За изгородью спряталось солнце. Через несколько минут мы уже сидели на скамейке и разговаривали. Мимо нашей скамейки медленно и значительно проплыл Казаринов.

‒ Времени нет, ‒ задумчиво говорил Митя, ‒ время ‒ это иллюзия. Это то, что мешает нам соприкасаться с вечностью.

Мимо нас снова проплыл Казаринов. Митя взглянул на часы и встал, виновато улыбаясь.
‒ Ну, мне пора, ‒ сказал он, разводя руками. Мы кивнули...

Страшно подумать, что нет уже того времени, далекого, легкого, как и не будет этих часов с их ароматом выздоровления и надежды».

3


Оглядываясь на нашу затерянную во Вселенной планету, окидывая ангельским взором всех живших и живущих на ней, птиц, зверей, людей и насекомых, подавленные и оглушенные своей ничтожностью, мы спрашиваем: а может ли человек когда-либо преодолеть это ничтожество, может ли он стать равновеликим, если не Космосу, то хотя бы самому себе?

Мудрецы древности единодушно утверждали: некоторые люди могут ‒ при посредстве и с помощью Бога, который живет в них самих и к которому им нужно прикоснуться.
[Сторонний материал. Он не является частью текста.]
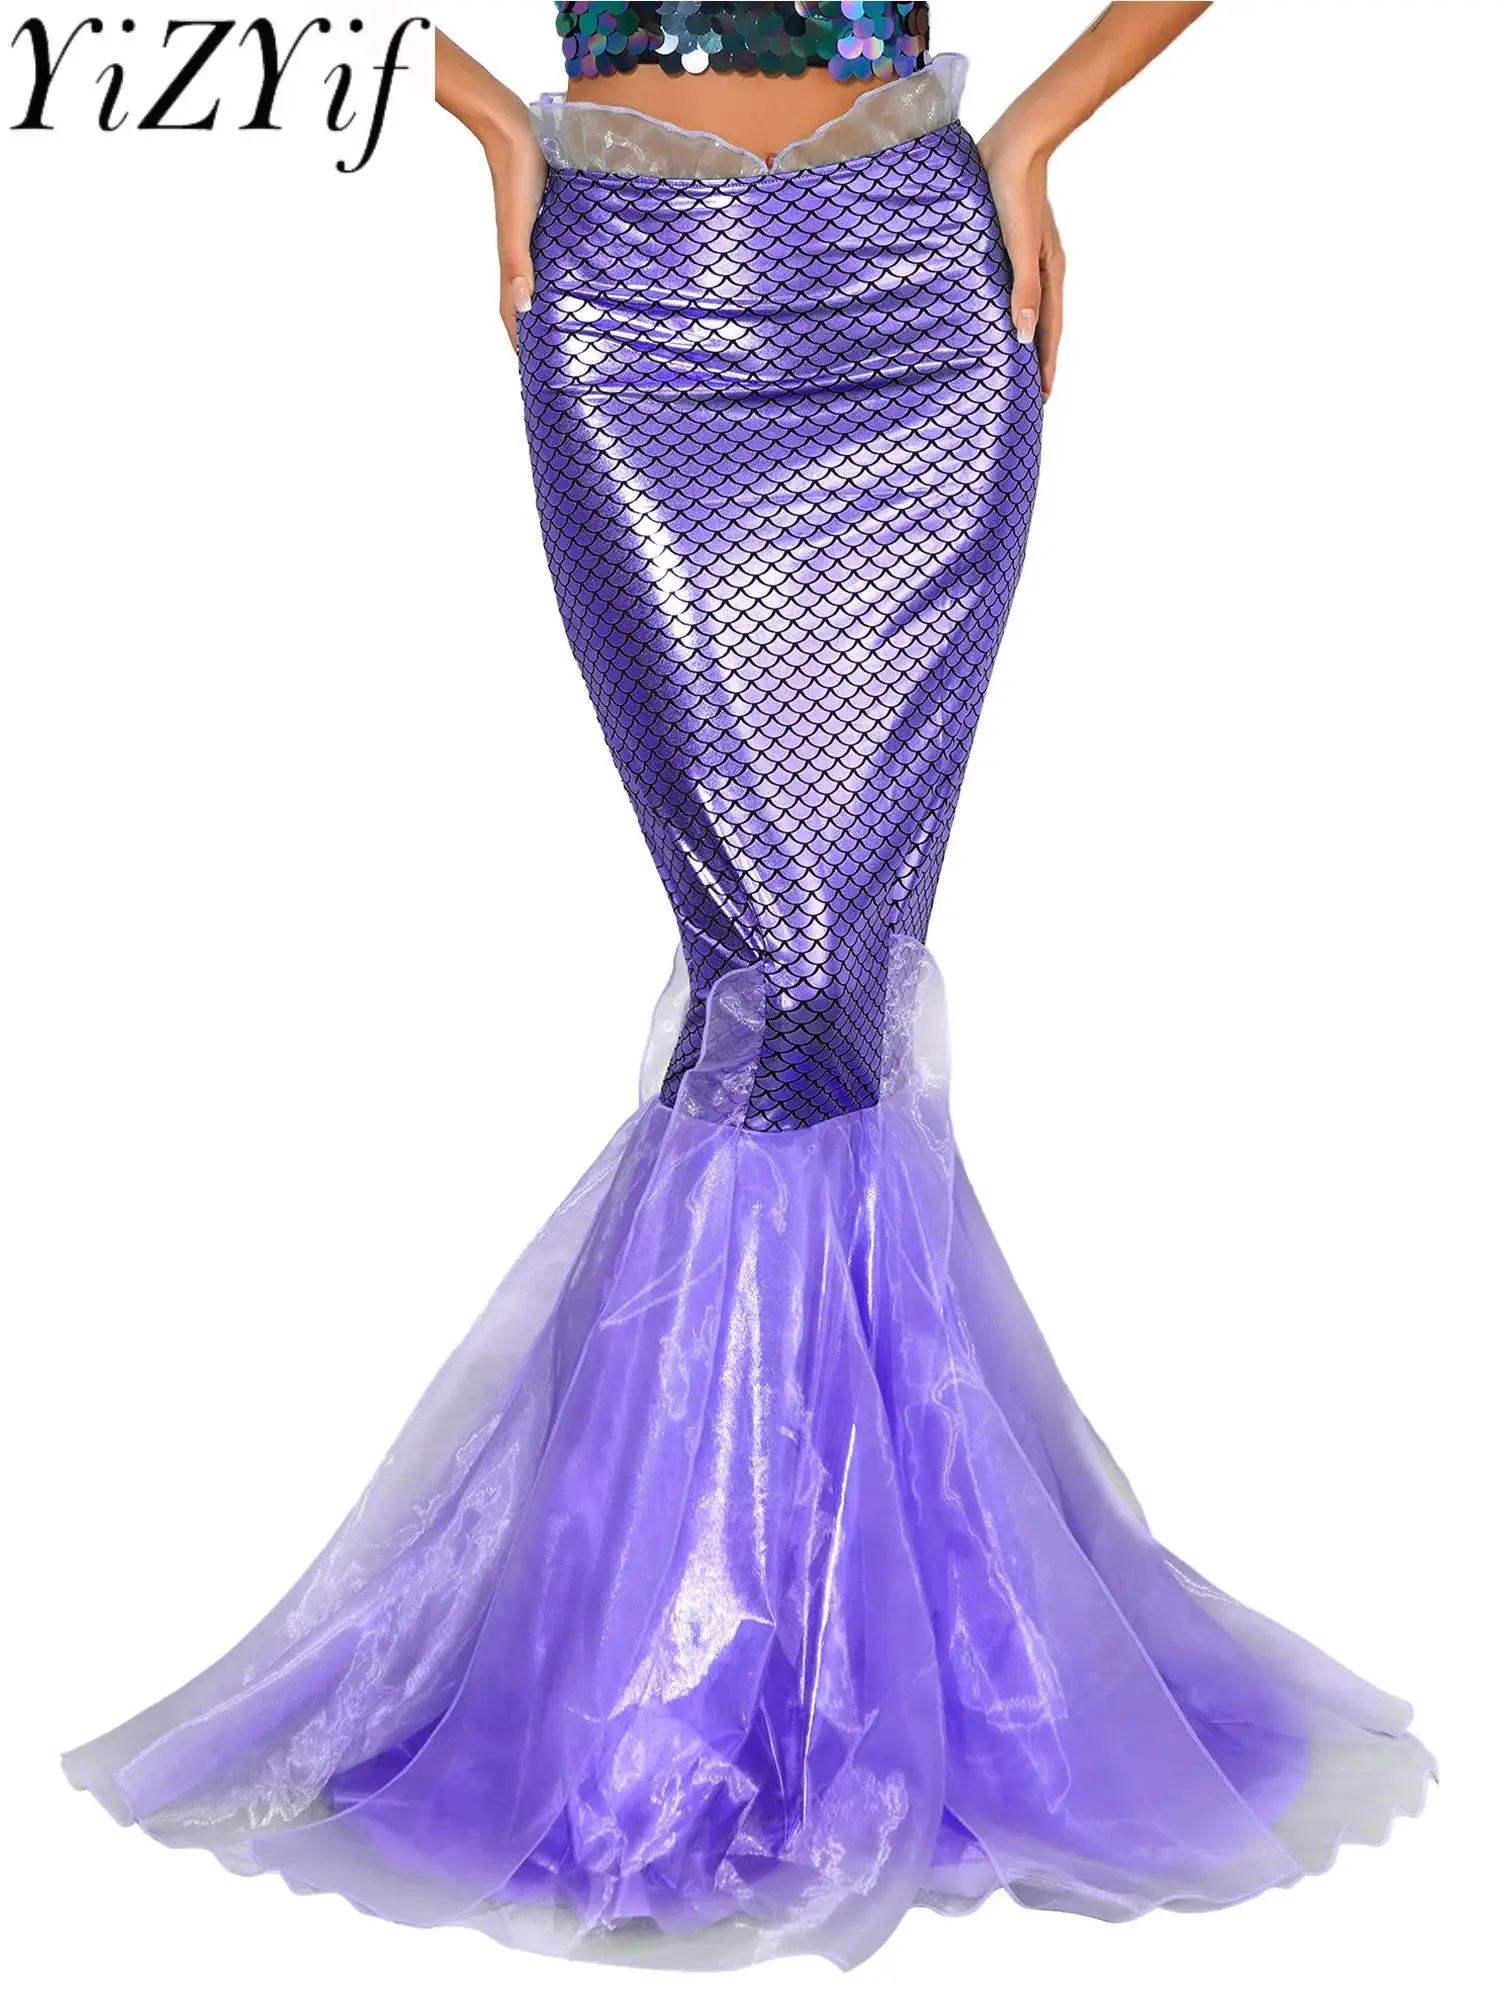 

Womens Halloween Mermaid Maxi Skirt Cascading Tulle Fish Scale Print Shiny Fishtail Skirt Princess Cosplay Party Fancy Dress-Up

Этот Бог есть их собственное «Я», которое им ближе всего, но с которым обычный человек не имеет никакого касательства.

Лишь при редчайшем совпадении обстоятельств и при величайшем напряжении воли такой человек пробивается к своему внутреннему Богу и начинает говорить голосом своего собственного «Я». И тогда рождается Поэт, Музыкант, Мыслитель, Святой, Пророк или Мессия, который больше не принадлежит топчущему эту Землю стаду, но становится существом иной природы, о котором люди создают мифы и рассказывают сказки, сами в них не веря. Этим сказкам верят человеческие дети до той поры, пока взрослые не убьют в них их редкий шанс на прозрение.

Но бывает, что некоторым из этих пока еще не убитых детей удается пройти через все препоны и донести до нас две-три песни неотсюда, а потом уйти, оставив после себя недоуменных свидетелей произошедшего чуда.
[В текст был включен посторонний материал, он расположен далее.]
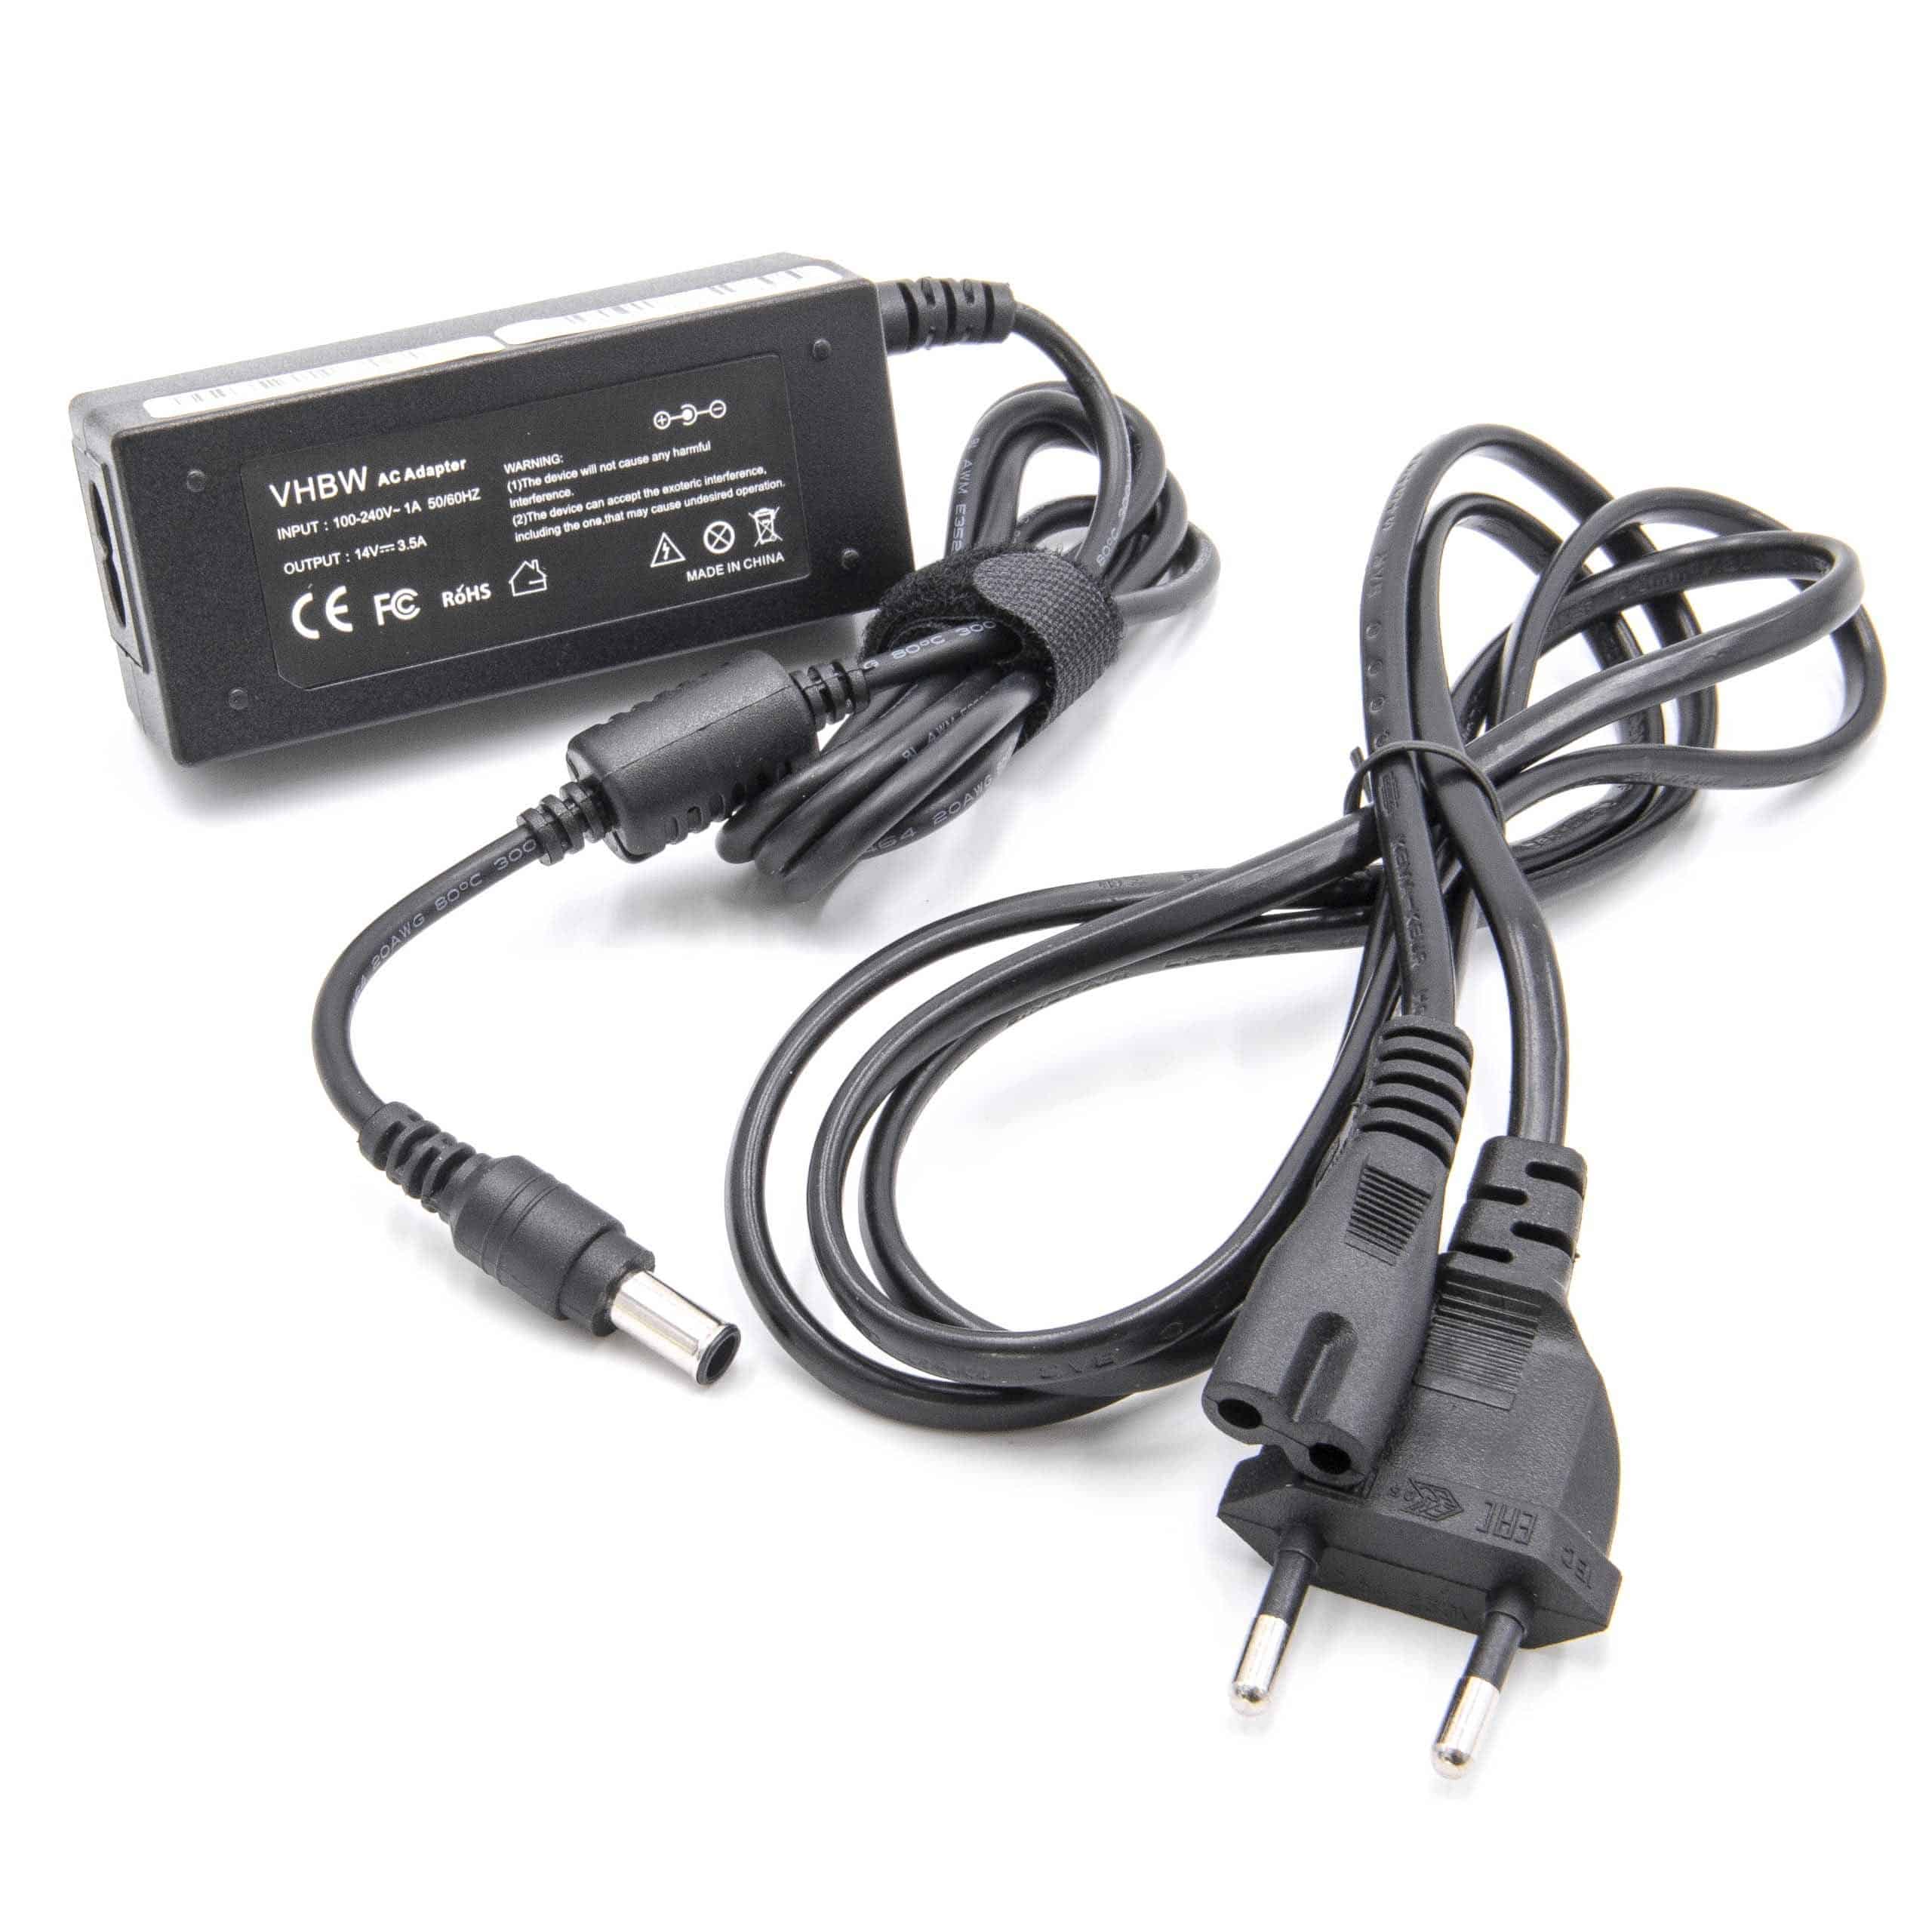 Mains Power Adapter replaces Sony AD-4214N for IBM Monitor etc. - 200 cm

Таким был Леонид Аронзон, которого мне не довелось встретить при жизни и который писал такие стихи:

Любовь моя, спи, золотко мое,

вся кожею атласною одета.

Мне кажется, что мы встречались где-то:

мне так знаком сосок твой и белье.


О, как к лицу! о, как тебе! о, как идет!

весь этот день, весь этот Бах, все тело это!

и этот день, и этот Бах, и самолет,

летящий там, летящий здесь, летящий где-то!
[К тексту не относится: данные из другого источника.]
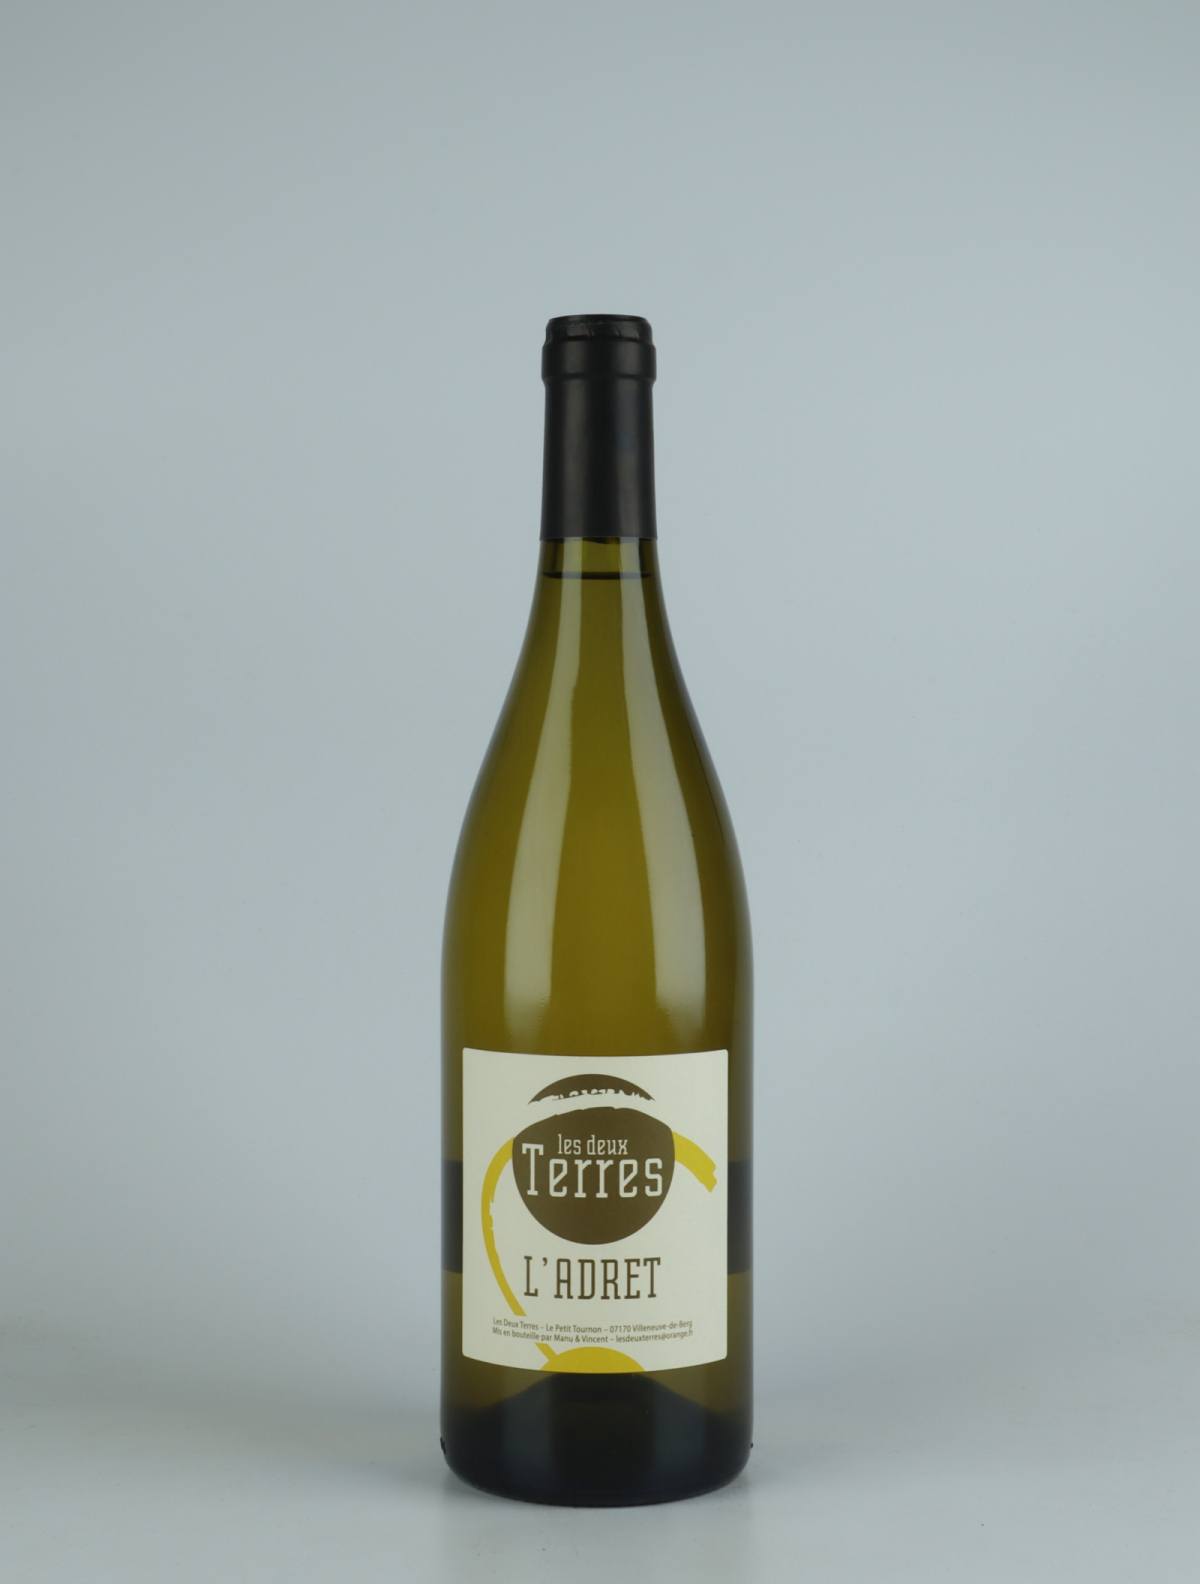 A bottle 2021 Adret White wine from Les Deux Terres, Ardèche in France

И в этот сад, и в этот Бах, и в этот миг

усни, любовь моя, усни, не укрываясь,

и лик и зад, и зад и пах, и пах и лик ‒ пусть все уснет,

Пусть все уснет, моя живая!


Не приближаясь ни на йоту, ни на шаг,

отдайся мне во всех садах и падежах!


Сегодня, когда эти стихи доступны всем, они остаются закрытыми для большинства. Закрытым остается то состояние, которое они в себе несут. Стихи эти сродни древневавилонской и, возможно, суфийской поэзии, ее самым возвышенным образцам, однако мало у кого из современников Аронзона имелся орган для их восприятия. Виктор Кривулин писал, что с Аронзоном он постоянно спорил, а Бродский и Волохонский держали его на расстоянии.
Вот что написала о нем через девять лет после его смерти Рита Пуришинская-Аронзон:

«Л. А. умер, когда ему был тридцать один год. Это произошло 13 октября 1970 года под Ташкентом. Мы поехали туда отдохнуть и попутешествовать. Там в горах, в случайной пастушьей сторожке ему попалось это злосчастное охотничье ружье, и он ночью вышел из сторожки и выстрелил в себя... Из своих тридцати одного года двадцать пять он писал стихи, двенадцать лет мы прожили вместе в огромной любви и счастье. Стихи его при жизни не печатали никогда. Настроение было плохое. Но я в жизни не встречала человека более веселого, остроумного и обаятельного, чем он».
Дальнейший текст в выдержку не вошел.